Dari uraian bab-bab yang telah dipaparkan dalam bab-bab yang lalu telah dijelaskan bahwa sebuah tafsir terdiri dari aspek teknis penafsiran serta aspek metodologis penafsiran. Penulis menyimpulkan sebagai berikut: 1. Aspek teknis Tafsîr Tamsyiyyat al-Muslimîn adalah bisa dijabarkan sebagai berikut: pertama, sistematika penyajian Tafsîr Tamsyiyyat al-Muslimîn adalah runtut sesuai dengan urutan tertib ayat dan sûrah seperti dalam Mush af ‘Usmâni. Kedua, bentuk penyajian yang digunakan adalah rinci walaupun dalam tempat lain terkadang global. Ketiga, bentuk penulisan yang dipakai oleh tafsir ini adalah non ilmiah, yakni tidak seperti skripsi atau tesis yang ditulis untuk keperluan akademik.
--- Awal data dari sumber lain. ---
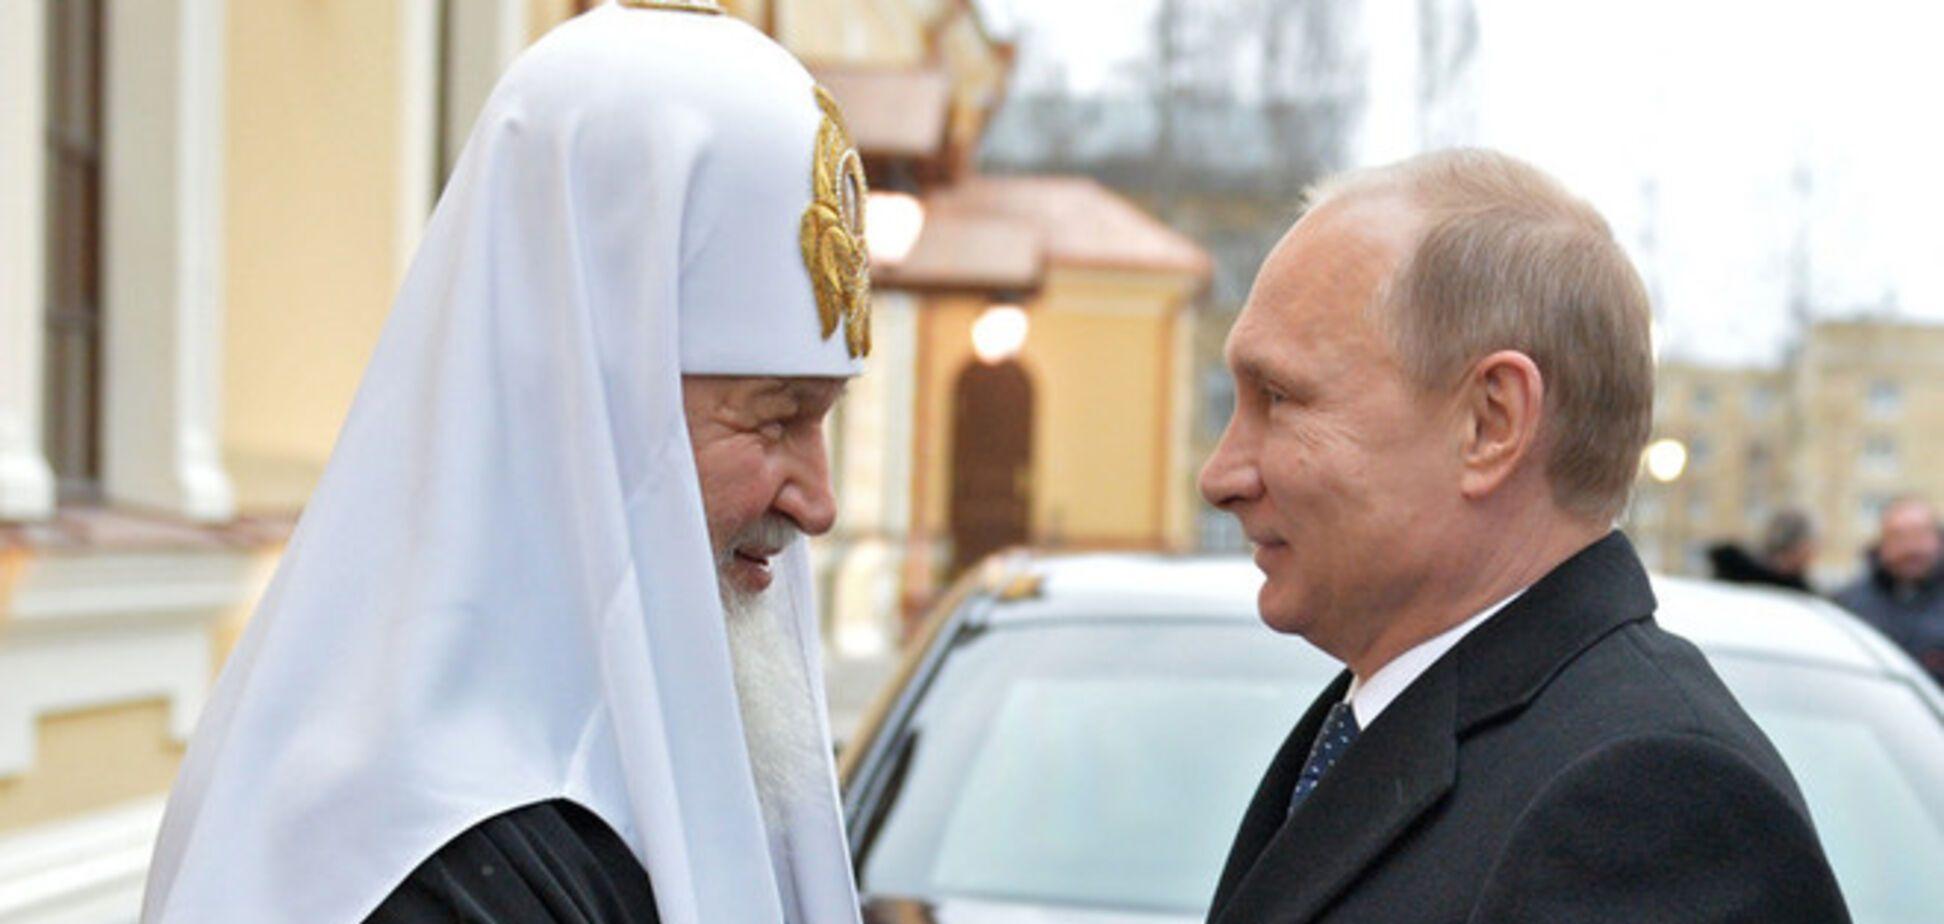 Глава РПЦ Кирилл предложил запретить аборты в России

Keempat, Tafsîr Tamsyiyyat al-Muslimîn ini mempunyai sifat individual atau ditulis oleh satu orang penulis, dan yang terakhir, Kelima, tafsir ini memakai sumber-sumber rujukan buku tafsir klasik sepert Tafsir Ma’alim al-Tanzîl karya Husain ibn Mas‗ûd al-Bagawi, Tafsîr Ibn Katsir karya Ibn Katsîr, Tafsîr Mafâtih al-Ghaib karya Fachruddin al- Razy, Tafsir Lubâb al- ta’wîl karya al-Khâzin, dan Tafsîr Rûh alMa‘ani karya al- Alûsi. 2. Sedangkan aspek Metodologis Tafsîr Tamsyiyyat al-Muslimîn adalah, Pertama, Tafsir ini memakai metode penafsiran riwayat. Kedua, Tafsir Tamsyiyyat ini memiliki nuansa atau corak fiqh, karena pembahasan dalam tafsir tersebut banyak menitikberatkan terhadap masalah fiqh. Ketiga, pendekatan tafsir yang dipakai dalam tafsir ini adalah metode pendekatan kontekstual.